PROCÈS-VERBAL DE DELIMITATION ENTRE LA FRANCE ET L'EMPIRE D'ALLEMAGNE.
Aux termes des articles 1er du traité préliminaire de paix du 26 février
1871 et du traité définitif du 10 mai suivant entre la France et l'empire
d'Allemagne, les hautes puissances contractantes étant convenues de faire
régler par une commission internationale la position de la ligne frontière
ainsi que le partage des biens meubles et immeubles appartenant à des
communes coupées par la frontière, ont été nommes membres de cette
commission :
Ces commissaires, après avoir échangé leurs pleins pouvoirs, ont clos le
procès-verbal ci-après, sous la réserve de l'approbation de leurs
gouvernements respectifs :
ART. 1er. La frontière entre la France et l'empire d'Allemagne a été
déterminée, abornée et mesurée, en exécution des stipulations:
- 1° De l'article 1er du traité préliminaire de paix du 26 février 1871 ; -
2° De l'article 1er du traité de paix définitif entre la France et l'empire
d'Allemagne, en date du 10 mai 1871; - 3° Du troisième des articles
additionnels du 10 mai 1871, lesquels font partie intégrante du traité de
paix en date du même jour; - 4° De l'article 10 de la convention
additionnelle au traité de paix entre la France et l'empire d'Allemagne, en
date du 12 octobre 1871 ; - 5° De la convention relative au tracé de la
frontière au travers de la commune d'Avricourt, conclue, les 24-27 août
1872, par les membres de la commission internationale de délimitation; - 6°
De la convention relative au tracé de la frontière au travers des communes
de Raon-lès-Leau et Raon-sur-Plaine, conclue, les 28-31 août 1872, par les
membres de la même commission.- A l'exception de son tracé sur les
territoires des communes françaises de Raon-lès-Leau et de Raon-sur-Plaine
et des communes allemandes de Serven et d'Avricourt, qui sont coupées par la
frontière, en exécution des conventions internationales ci-dessus
mentionnées, la limite des deux Etats se confond avec des limites de
communes; elle est décrite, en ce qui concerne ses directions principales,
dans la description générale de la frontière ci-jointe, qui est signée par
les membres de la commission, et en ce qui concerne les détails, dans le
registre d'abornement également joint au présent procès-verbal, lequel
registre est signé par les géomètres en chef français et allemand attachés à
la commission; ces deux pièces sont revêtues d'un timbre français et d'un
timbre allemand.- Le tracé de la frontière, conforme aux indications
contenues dans la description générale et dans le registre d'abornement, est
figuré par un liséré rouge sur la carte d'ensemble et sur la carte de détail
annexées au présent procès-verbal, lesquelles ont été rédigées
respectivement à l'échelle du 1/20000 et à celle du 1/1250 L'expédition
française et l'expédition allemande de ces cartes ont été signées par les
géomètres en chef français et allemand et elles ont été revêtues d'un timbre
français et d'un timbre allemand. - Les cartes françaises comprennent : la
carte à l'échelle du 1/20000 en seize feuilles; la carte à l'échelle de
1/1250 en cent une feuilles. - Les cartes allemandes comprennent : les
cartes à l'échelle du 1/20000 en vingt-deux feuilles ; la carte à l'échelle
du 1/1250 en sept cent vingt-sept feuilles.

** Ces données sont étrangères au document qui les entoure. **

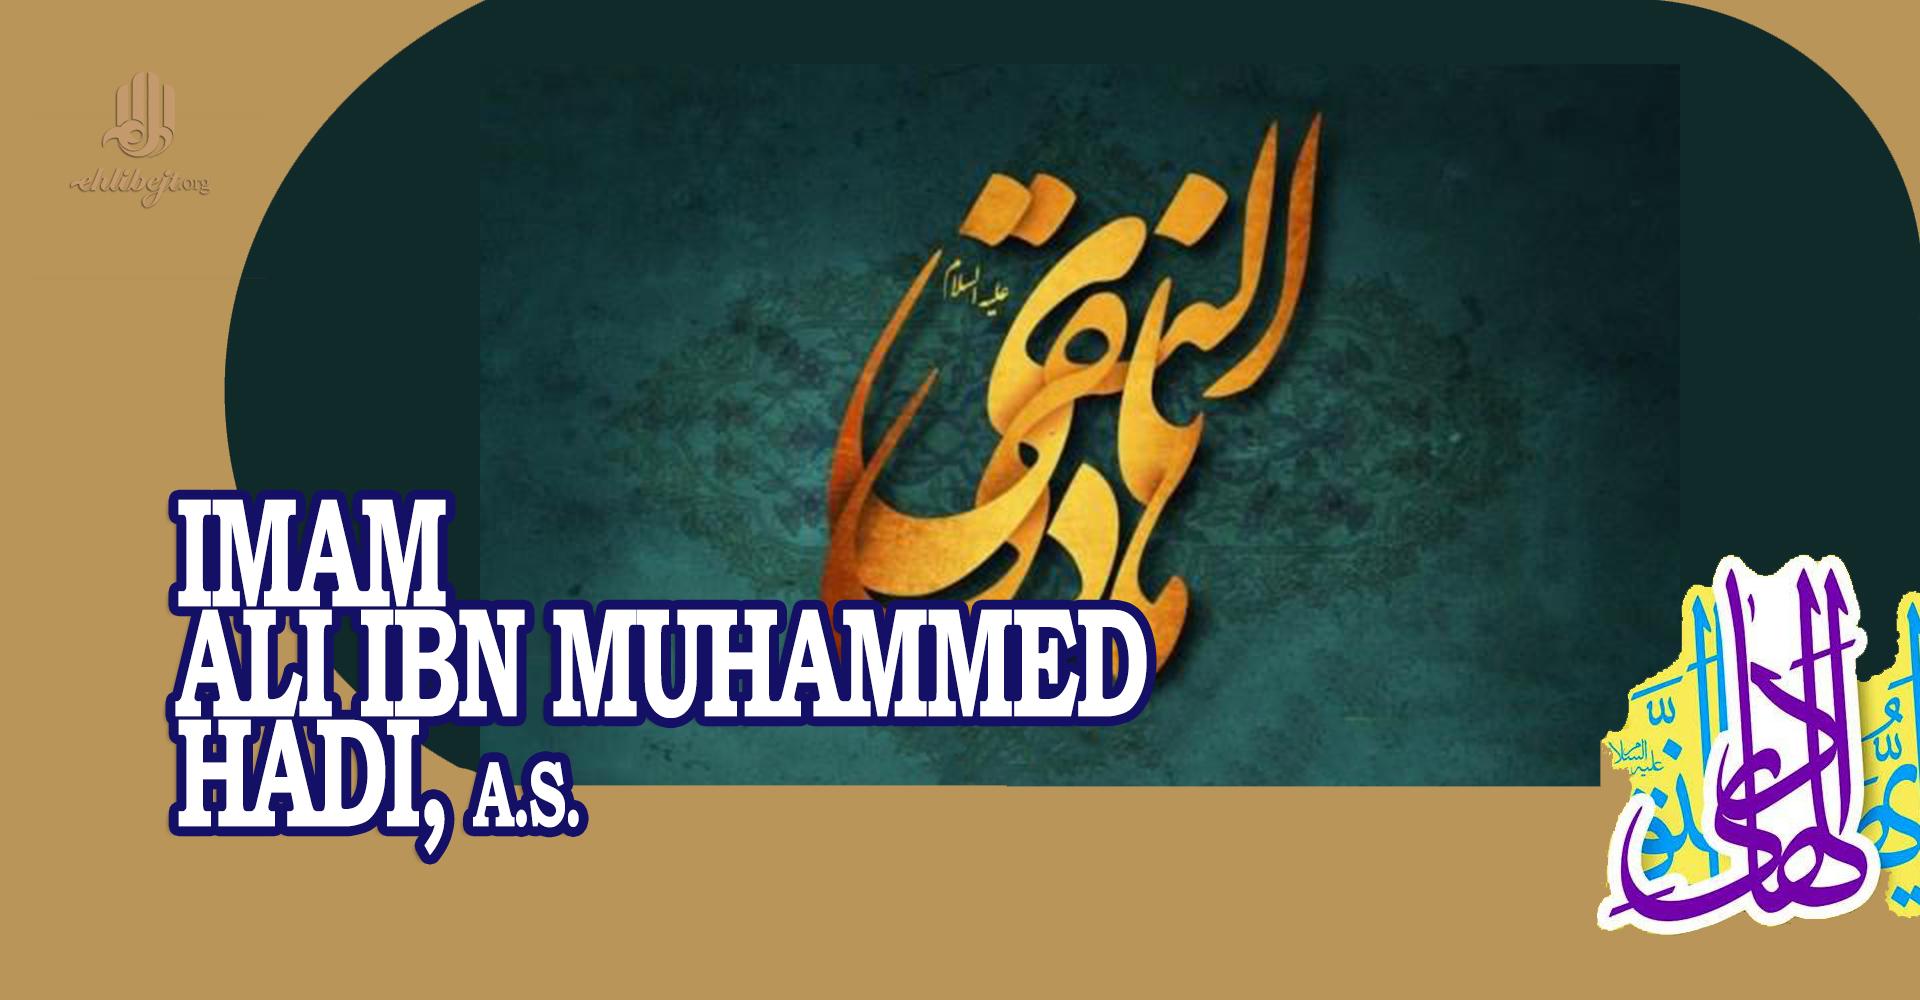 Imam Ali ibn Muhammed Hadi, a.s.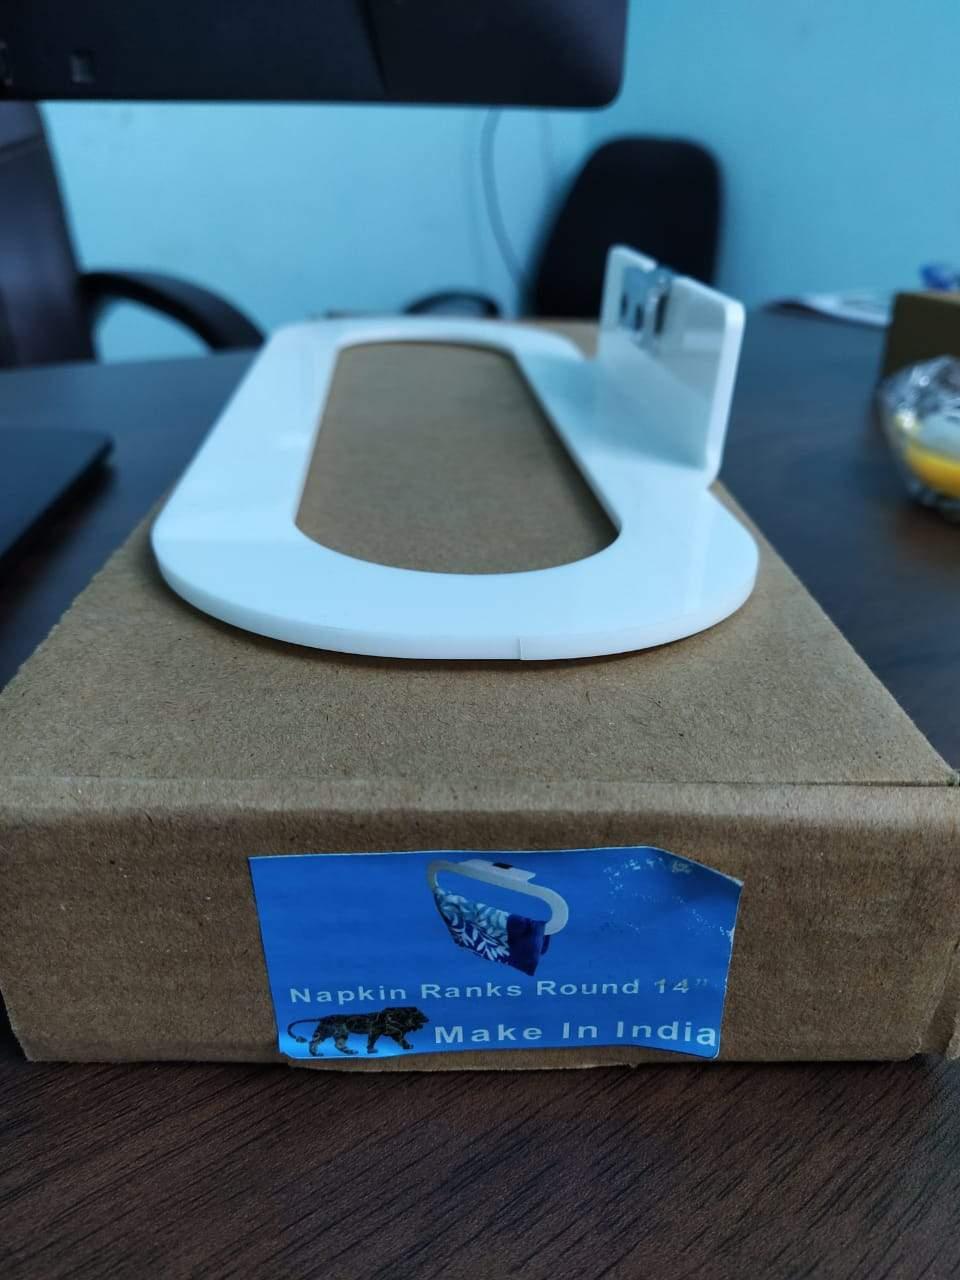 Kitchen/Bathroom Round Napkin Toilet Paper Holder - 14 inch - Unnati Enterprises

Art. 2. Le gouvernement français et le gouvernement de l'empire d'Allemagne
prendront les mesures nécessaires pour que les chemins qui longent la
frontière franco-allemande continuent à être entretenus comme par le passé
par les autorités compétentes.
Art. 3. Les chemins qui longent la frontière franco-allemande et qui étaient
communs aux deux États dont l'énumération est donnée dans le tableau A ci
annexé, ont été, pour simplifier l'entretien, partagés en deux parties, dans
le sens de leur longueur, et attribués, avec leur largeur tout entière,
d'une part à la France, d'autre part, à l'Allemagne. Ces chemins sont
déclarés neutres au point de vue douanier ; ce qui doit être entendu en ce
sens qu'on pourra y circuler sans entraves avec des articles passibles ou
non de droits de douane et que, de plus, les agents de surveillance de la
frontière des deux États seront autorisés à les parcourir en armes.
Art. 4. La route de Paris à Bâle est rencontrée trois fois par la frontière
à de courts intervalles, entre les territoires de la commune française de
Foussemagne et de la commune allemande de Chavannes-sur l'Etang. Eu égard à
la difficulté de l'entretien qui résulte de cette circonstance, cette
portion de route a été, sans préjudice des droits de souveraineté, partagée
en deux parties à peu près égales, et le point de partage a été marqué par
une borne qui, située entre les bornes principales 3801 et 3802, sert en
même temps de borne intermédiaire et porte le n° 2. La partie de la route
qui touche au territoire français sera entretenue jusqu'à cette borne par
l'administration française, sans égard à la position de la frontière; la
partie qui touche au territoire allemand sera entretenue par
l'administration de l'Alsace-Lorraine.
Art. 5. Le chemin vicinal d'Avricourt à Foulcrey, qui traverse le territoire
français sur une longueur de sept cent trente-sept mètres, étant uniquement
destiné à desservir deux communes allemandes, l'administration de
l'Alsace-Lorraine prendra entièrement à sa charge l'entretien de la portion
de ce chemin situé sur le territoire de la commune française d'Igney. Par
contre, le gouvernement français s'engage à ne pas la supprimer sans le
consentement du gouvernement allemand ; en outre, cette portion de chemin
sera considérée comme neutre au point de vue de la douane, en sorte qu'elle,
pourra servir au transport d'objets soumis aux droits de douane ou d'octroi
et qu'elle pourra être parcourue par les agents de la douane ou de la
gendarmerie des deux Etats porteurs de leurs armes.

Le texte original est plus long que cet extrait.